Touring behind their fourth studio album, A Man Alive, released on March 4th of this year and produced by Merrill Garbus (aka tUnE-yArDs), Thao and the Get Down Stay Down take on the arduous task of performing this rhythmic and robust record with the same power and intensity the listener gets from the recording.  Describing the album as more vulnerable and straightforward than previous records, Thao and the Get Down Stay Down have achieved a new level of candid self-expression with A Man Alive, but can it translate into a great live experience?

Thao Nguyen and crew enter the stage around 9:50 to tracks of a hip-hop beat playing.  With a quick “Hello Phoenix!” they launch into the first song.  Throughout the evening, Thao emphasizes the lyrics with emphatic pointing as she sings, thereby drilling her point into the audience.

In contrast with the music performance, the in-between banter is natural and even soothing. Thao relates a funny story from the previous night of a guy starting a mosh pit, causing her to pause mid-song to bounce him. “No one would ever mosh to us!”  As the song begins, the guitar player even adds when the out-of-place moshing took place, causing Thao to laugh again.  As diverse as the setlist is, none of the songs ever warrant moshing.

Thao does all the solos on whatever stringed instrument happens to be laying around.  Throughout the course of the evening, she donned a few guitars, a banjo and a mandolin.  The broad range of styles present in the singe show, some revival-style songs, some afrobeat-style funky grooves, and even a Missy Elliott cover, would normally cause a disjointed experience, but the sheer earnestness of the music keeps the show coherent.  The show could be viewed as a public exorcism of her own demons, as if she’s speaking to someone she wants to love, but she has a long list of grievances to air beforehand.  She’s been burned, and as a result, she’s alternately vulnerable and ferocious as she meticulously incriminates the one who jilted her.

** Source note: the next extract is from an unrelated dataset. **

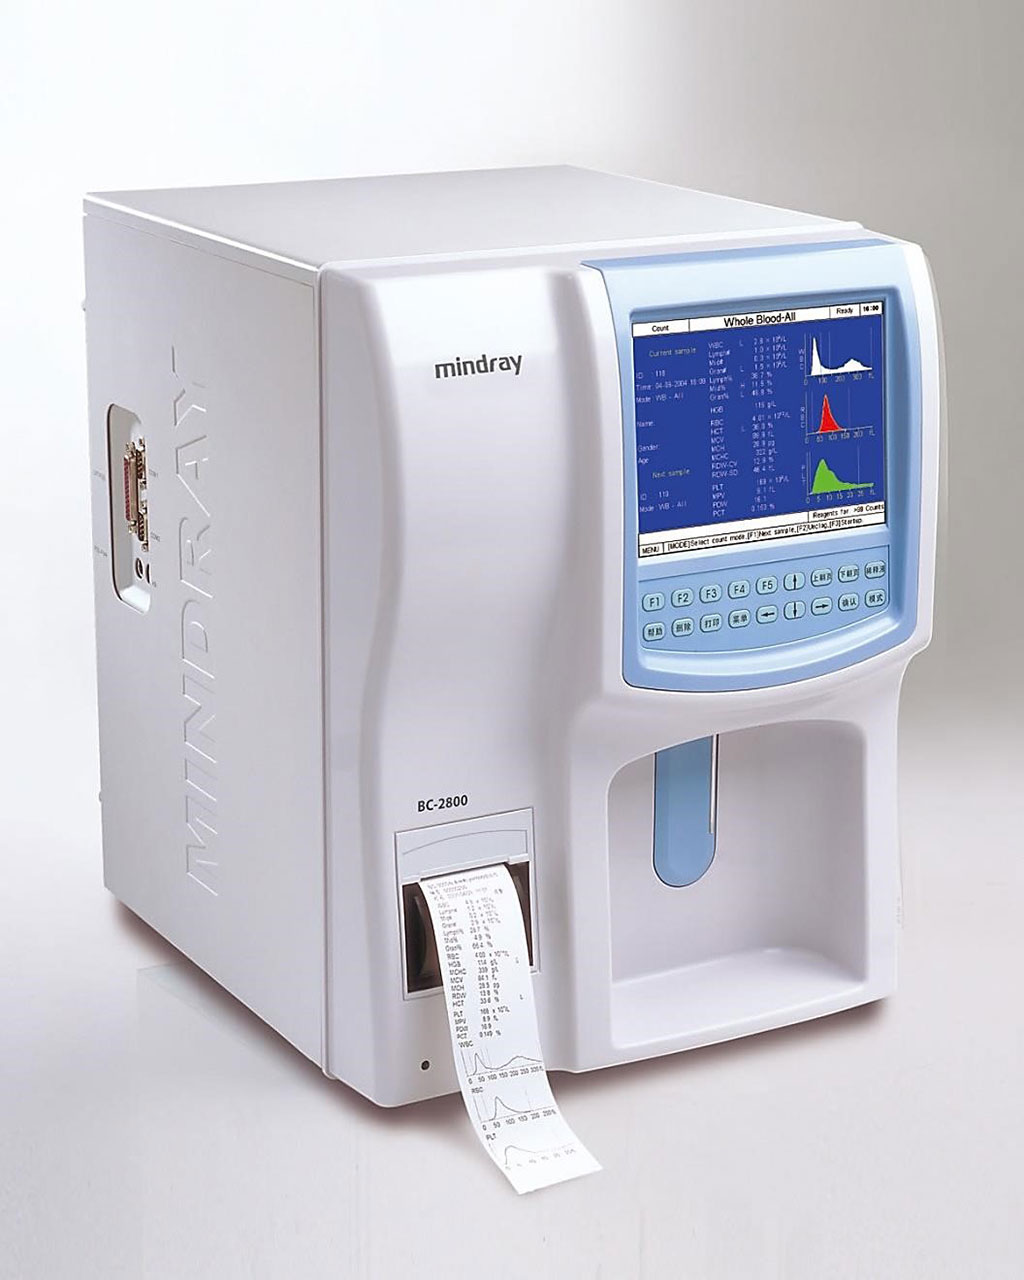 Image: The Mindray BC-2800 Fully Automatic Hematology Analyzer with 19 Parameters for CBC /Blood Cell Test for Hospital Use (Photo courtesy of Mindray).

Upon listening to the albums, especially the latest one, it’s easy to believe that s much studio magic went into this, which no live show could meaningfully reproduce.  Fortunately, this is not the case at all. Thanks to a multi-instrumental abilities of the Get Down Stay Down, a bass player that often plays the Korg for bassline duties, and a keyboardist who’s adept at background vocal duties (incidentally, she shouted a well-timed “Feel the Bern!” during their rendition of Missy Elliott’s “Get Ur Freak On”), Thao and the Get Down Stay Down more than meet the challenge of reproducing the quirks and intricacies of the album with both precision and force.  Nguyen alone produces an astonishing amount of sound, while alternating between states of sharp self-containment and musical rapture.